Table 1 Carbon credit estimation based on forest biomass changes for the study area based on InSAR height changes

Evaluation and final discussion

Altogether, we consider InSAR to be a suitable method for REDD+ monitoring. By providing 3D data, the main advantage is that height changes can be detected on a continuous scale, and this includes height changes when there is no change in land cover type. In addition, the height changes can be recalculated to estimates of carbon stock changes on a continuous scale, as opposed to assigning fixed emission factors to deforestation areas. Additional benefits include that changes can be assigned to various categories based on the magnitude of height changes in combination with coherence data. The method has also capacity to cover large areas. For example, TanDEM-X has the capacity to cover the entire forest area in the world wall-to-wall once a year with 5 m x 5 m spatial resolution.
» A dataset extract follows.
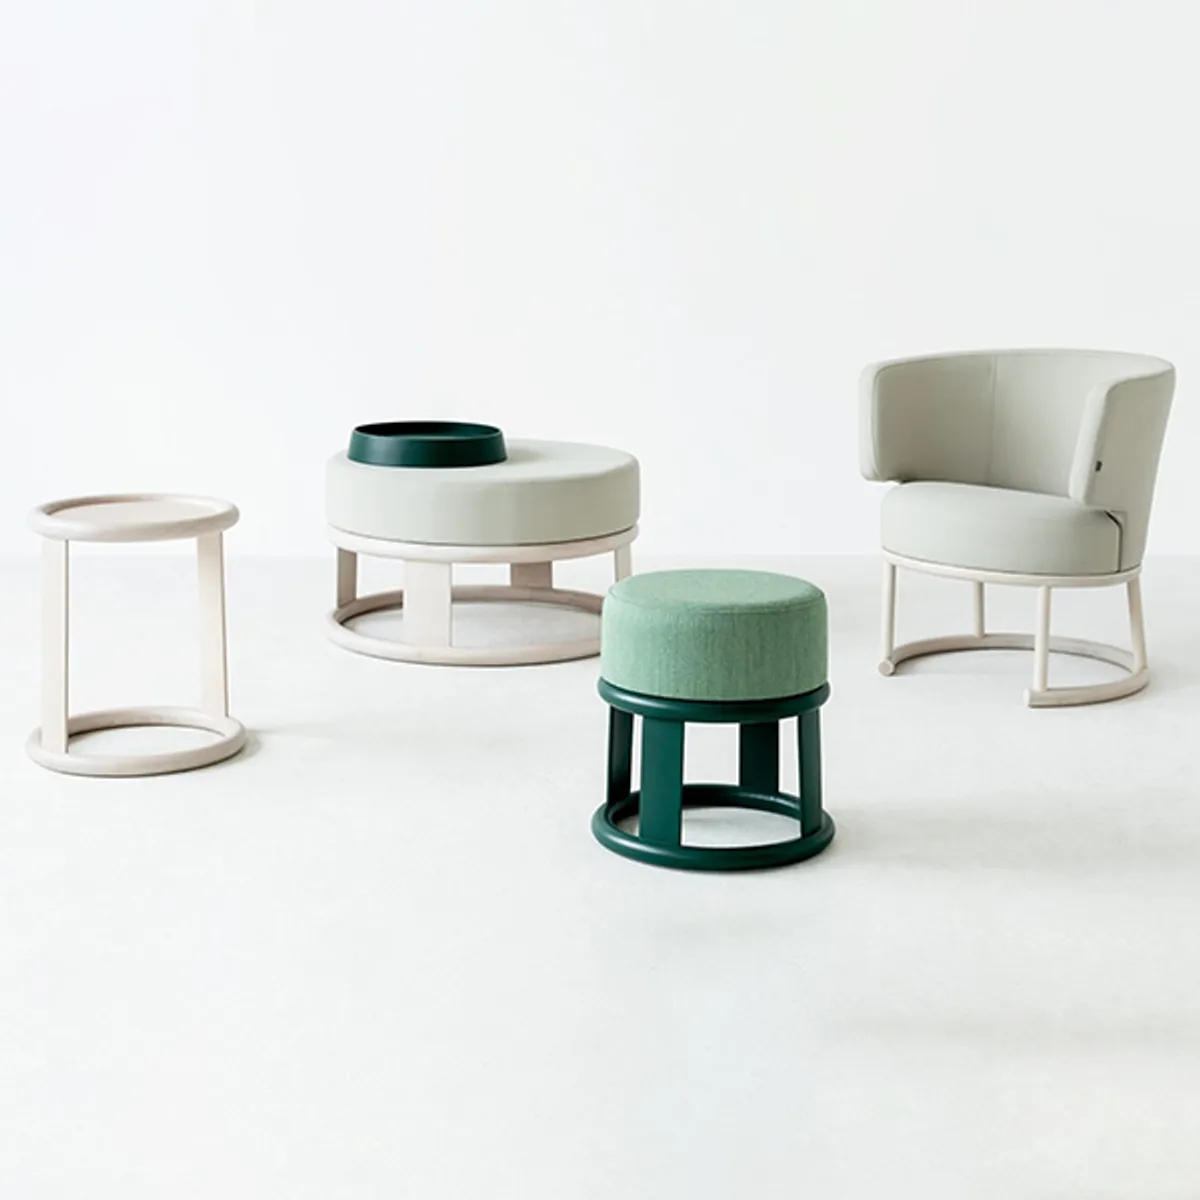 Bakerloo Collection Of Commercial Chairs And Stools By Insideoutcontracts 020

However, there are some limitations with an InSAR based method as described here. First, there are difficulties in obtaining valid data in steep terrain, due to SAR specific geometry problems originating from the slant view angle. The generic SAR problems are called foreshortening, layover and shadowing. However, for InSAR there can be errors and inaccuracies even in slopes where these specific problems are not present. Second, the requirement for using the method in areas without a DTM is that the relationship between AGB (or carbon) and InSAR height is reasonably close to a straight line. In that case the derivative is a fixed value, which is a prerequisite. As mentioned above, a linear relationship has been seen in some studies. However, the straightness of the relationship might vary with forest type. One exception is a regular Eucalyptus plantation in Brazil, where the relationship was found to be curvilinear [32]. Another weakness of the method is low accuracy of the AGB—InSAR height relationship. While accurate relationships have been found for spruce forests in Norway, the relationship was less accurate in the present miombo woodlands, when calculated as relative RMSE. However, a forest composed of individual, scattered trees is likely to be difficult for any type of remote sensing, as compared to a forest with a continuous canopy cover.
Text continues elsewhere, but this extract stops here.